NovelToon NovelToon
Rahim Untuk Balas Budi

Rahim Untuk Balas Budi

Status: sedang berlangsung
Genre:Ibu Pengganti / Romansa
Popularitas:5.1k
Nilai: 5
Nama Author: Mommy Sea

Satu janji, satu rahim, dan sebuah pengorbanan yang tak pernah ia bayangkan.
Nayara menjadi ibu pengganti demi menyelamatkan nyawa adiknya—tapi hati dan perasaan tak bisa diatur.
Semakin bayi itu tumbuh, semakin rumit rahasia, cinta terlarang, dan utang budi yang harus dibayar.
Siapa yang benar-benar menang, ketika janji itu menuntut segalanya?

Karya ini diterbitkan atas izin NovelToon Mommy Sea, isi konten hanyalah pandangan pribadi pembuatnya, tidak mewakili NovelToon sendiri

BAB 13 – Keputusan Karina

Malam itu hujan turun perlahan, mengetuk-ngetuk kaca jendela kamar perawatan Nayara seperti nada yang ingin mengingatkan bahwa dunia di luar tetap berjalan. Namun di dalam kamar itu, waktu seakan berhenti.

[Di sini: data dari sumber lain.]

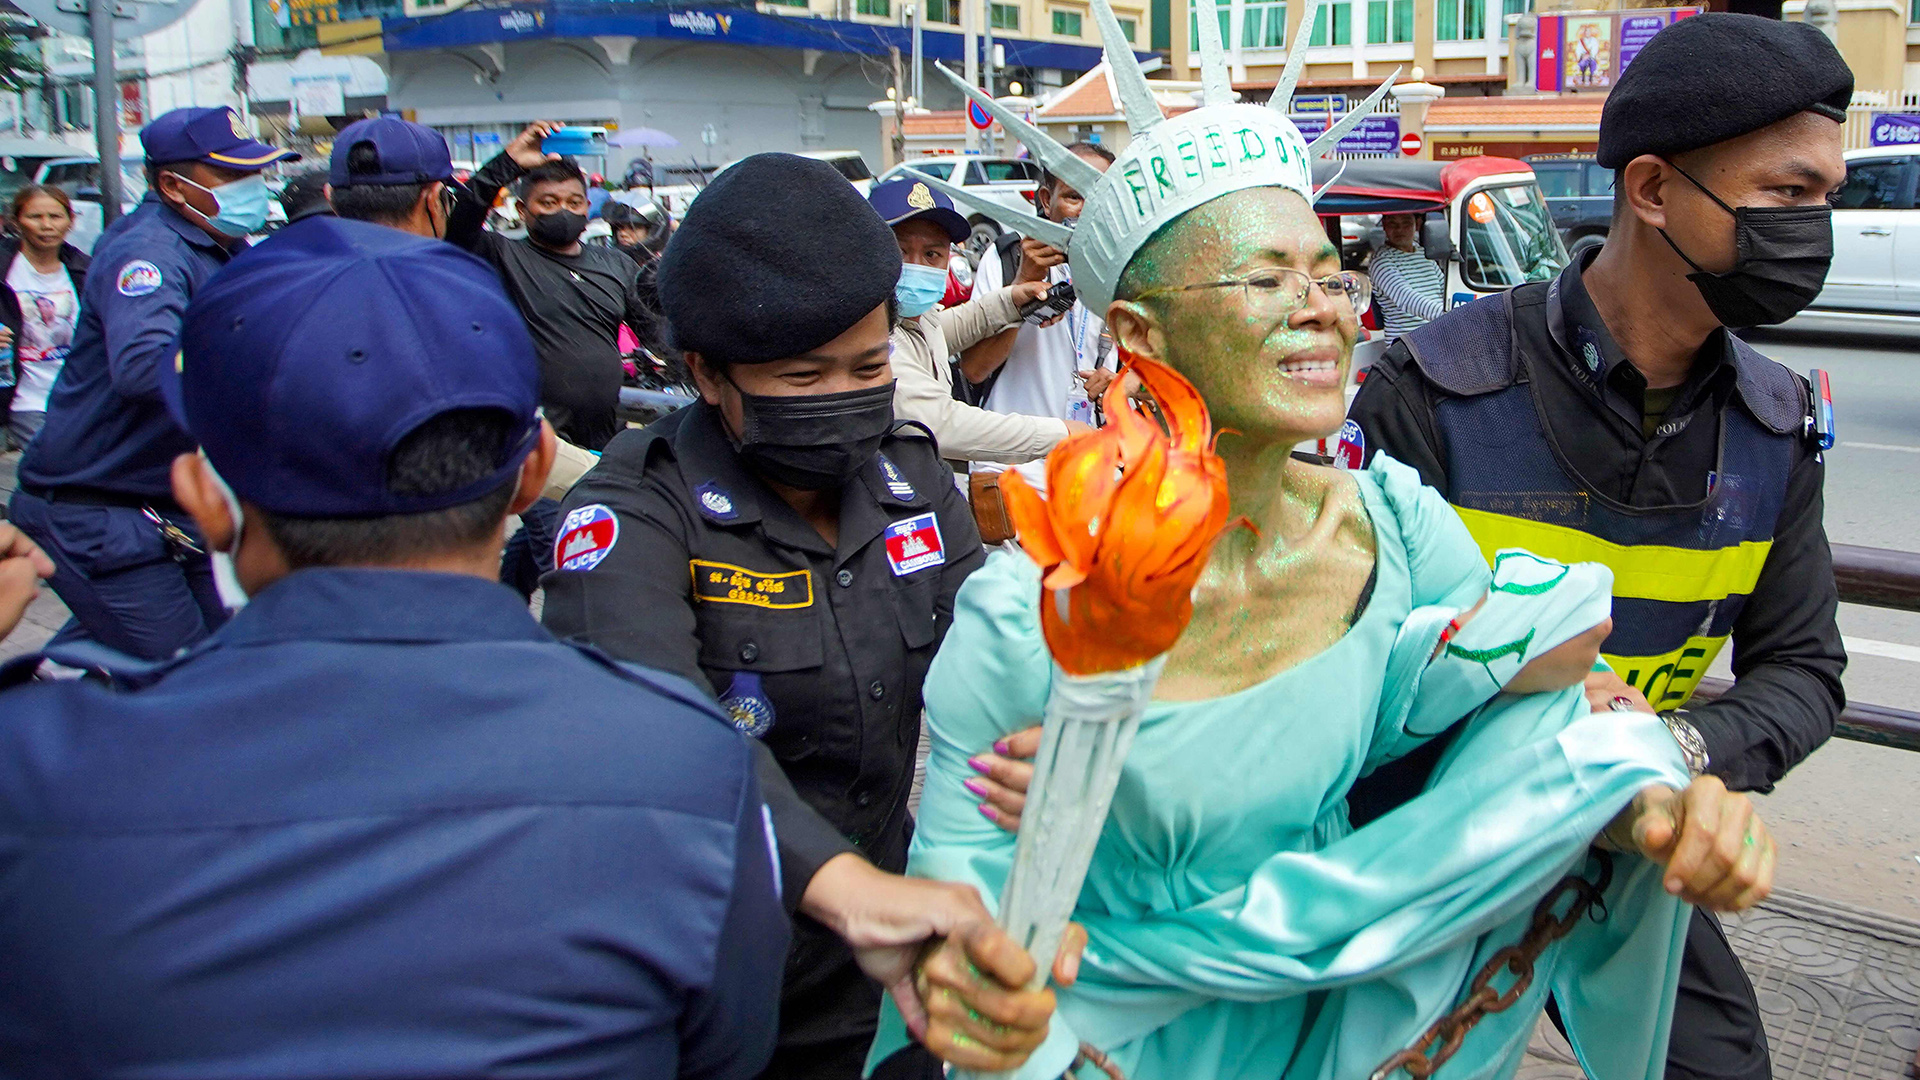 Theary Seng, verkleidet als Freiheitsstatue, wird von Polizisten abgeführt. | AFP

Nayara memeluk perutnya sambil berbaring miring. Infus menancap di punggung tangannya, membuat lengannya kaku. Nyeri masih muncul sesekali, tapi ia sudah mulai terbiasa menahannya.

Ia menatap jam dinding. Sudah hampir pukul sebelas malam.

Nadim pasti sudah tidur.

Rendra… mungkin baru pulang dari kantor.

Karina—entah sedang apa. Mungkin sedang memeriksa jadwal bertemu investor, atau memantau bisnisnya, atau… mungkin sedang menebak-nebak keberadaan Nayara.

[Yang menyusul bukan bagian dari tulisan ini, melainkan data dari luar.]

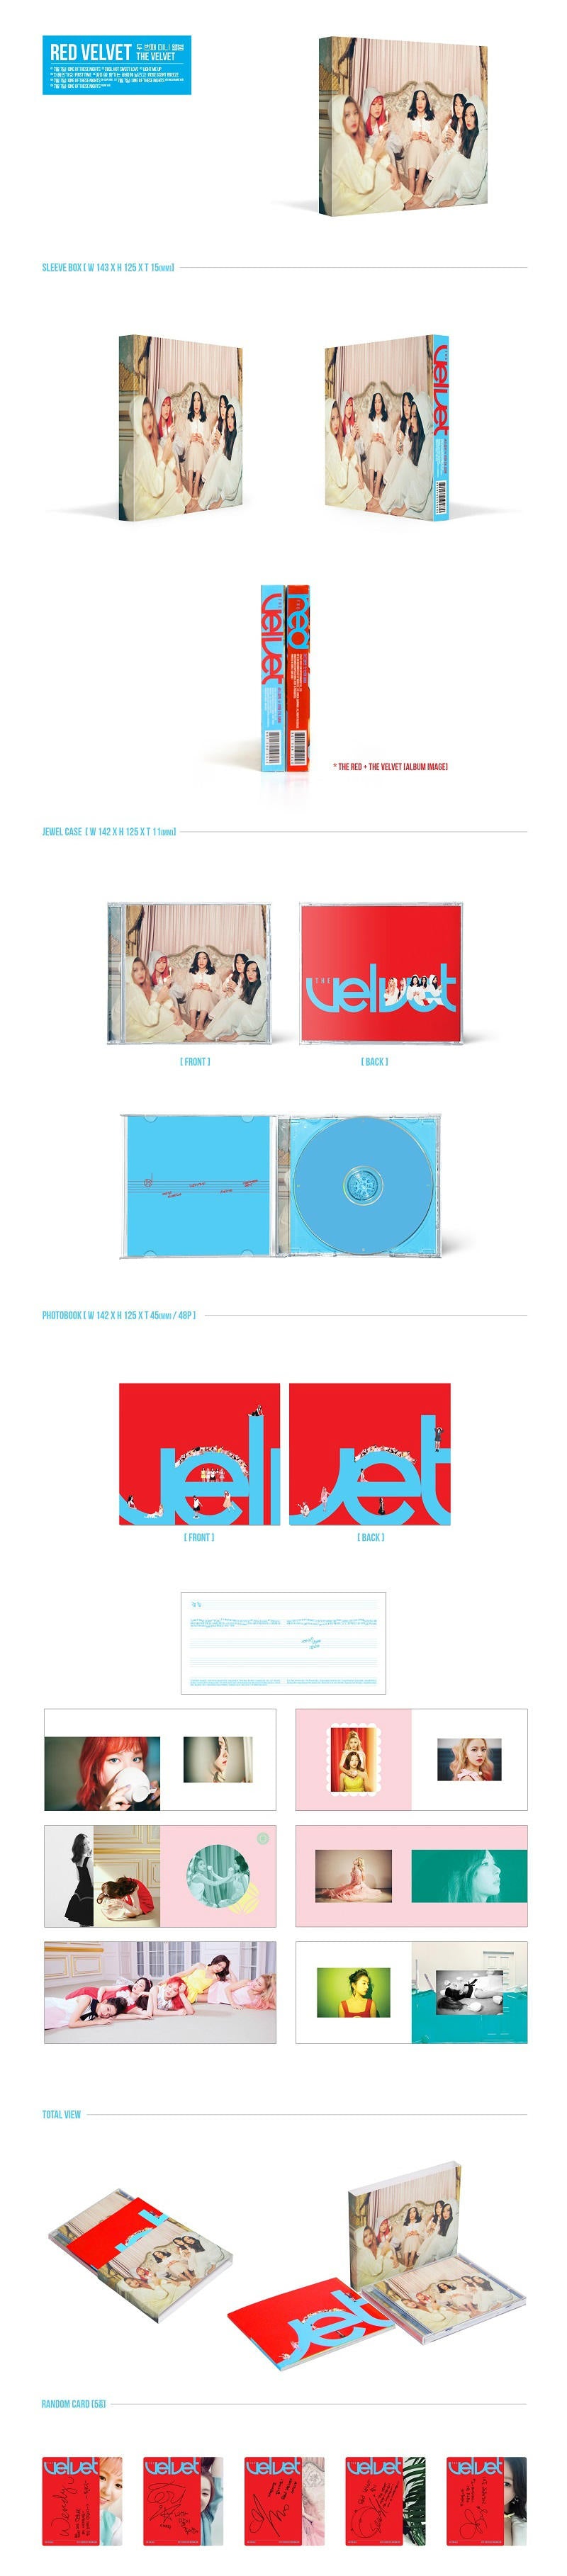 Red Velvet Mini Album Vol. 2 - The Velvet

Pikiran itu membuat sesak menjalar ke dadanya.

Ia menutup mata, mencoba tidur, tapi tidak bisa. Ada rasa gelisah yang mengambang, menyelimuti seluruh tubuhnya.

Tiba-tiba ponselnya bergetar pelan di meja samping ranjang.

Nayara mengambilnya dengan tangan gemetar.

Satu nama muncul:

Karina.

Hatinya langsung terjun ke dasar perut.

Napasnya tercekat. Ada rasa bersalah, takut, dan… sesuatu yang tak bisa ia definisikan, bercampur jadi satu.

Dengan tangan dingin, ia menggeser layar untuk menerima panggilan.

“Assalamu’alaikum,” suara Karina terdengar di seberang—tenang, tapi ada ketegangan halus yang hanya orang yang cukup mengenalnya bisa rasakan.

“Wa’alaikumussalam… Bu…”

Suara Nayara terdengar serak, sedikit goyah.

“Kamu di mana?”

Langsung. Tanpa pembuka. Tanpa basa-basi.

Nayara memejamkan mata. “Bu… aku—”

“Aku ke kontrakanmu tadi,” potong Karina. “Nadim bilang kamu pergi ke klinik. Sampai sekarang belum pulang.”

Hening.

Hening yang menegangkan urat leher Nayara.

“Bu… aku di rumah sakit.”

Karina tidak langsung menjawab. Namun Nayara mendengar embusan napas panjang dari seberang.

“Rumah sakit mana?”

“Rumah Sakit Pratama Harapan…”

“Apa yang terjadi?”

Nayara menatap langit-langit. “Tekanan darahku turun. Dokter bilang aku harus dipantau.”

Karina terdiam beberapa detik—dan ketika ia kembali bicara, suaranya berubah. Tidak lagi ketus. Tidak lagi menyelidik.

Sekarang justru… khawatir.

“Innalillahi… Kenapa kamu tidak menghubungi aku?”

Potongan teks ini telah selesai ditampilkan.